Ejemplos, todos los que quieran y más. Alguien me preguntaba el otro día en pleno Paseo del Revellín por qué habíamos dedicado en este diario dos páginas a la Jutma, un acto de marcado carácter religioso protagonizado el pasado sábado por “los otros”, como definió a una población, la musulmana, que casi roza el 50 por ciento del censo. Al susodicho, con su carrera universitaria y su puesto fijo en la Administración, no le extraña sin embargo que el despliegue de papel tenga como protagonista a San Antonio o a la Virgen de África – “los nuestros”, en contraposición a su catálogo de etiquetas– pero le molesta  tener que compartir su monopolio informativo. En el otro extremo, jóvenes que apedrean a agentes en el Príncipe como diversión porque son “la Policía de los españoles” (¿?) o ese comunicado sin sentido de la rama juvenil de Caballas que intuye un trasfondo casi sospechoso en la coincidencia de la Semana de la Juventud con el Ramadán.  
Creamos un premio que bautizamos como Convivencia y nos hemos inventado una fundación Crisol de Culturas. Precioso, muy de celofán, pero que levante la mano quien de verdad sienta un mínimo de interés por lo que se cuece en la otra mitad de la ciudad que le es ajena. En esta Ceuta de la supuesta interculturalidad jugamos tan sólo a soportarnos, a rozarnos lo menos posible y a ver pasar los días confiando en que el otro no moleste. Fiestas de unos y de otros, barrios de mayoría de unos y barrios de mayoría de otros. Ceutíes de confesión cristiana que no han pisado jamás una mezquita y musulmanes que no saben qué gaitas es un palio. Gente de un lado que mira con recelo a musulmanes sentados en los escaños de la Asamblea y gente del otro predispuesta siempre a tacharte de racista y xenófobo al primer suspiro, sea porque les deniegan una subvención o porque no les cediste el paso en un cruce.

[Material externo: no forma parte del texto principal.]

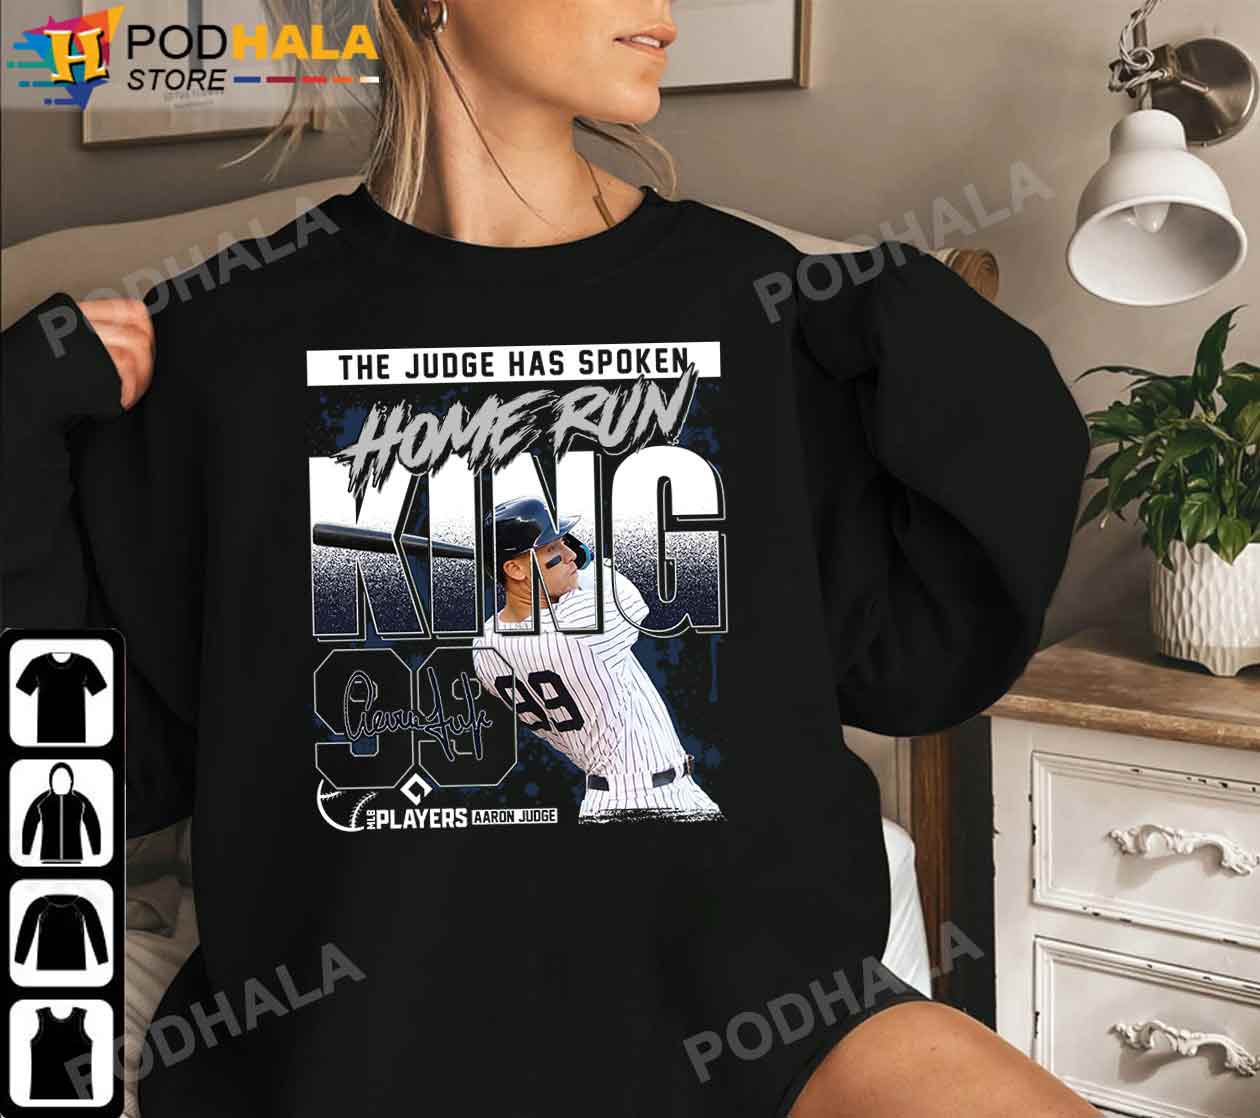 Loyalty Aaron Judge New York MLBPA Shirt, Womens Yankee Shirt

Esta Ceuta que tanto podría dar presume de lo que peca. Volveremos a montar stands en los que alardear de ciudad intercultural y mientras tanto yo, cuando en una entrevista de trabajo en la península vuelvan a preguntarme por qué puñetas un ceutí no habla árabe, cerrándome así puertas en el mercado laboral, seguiré sin saber qué contestar.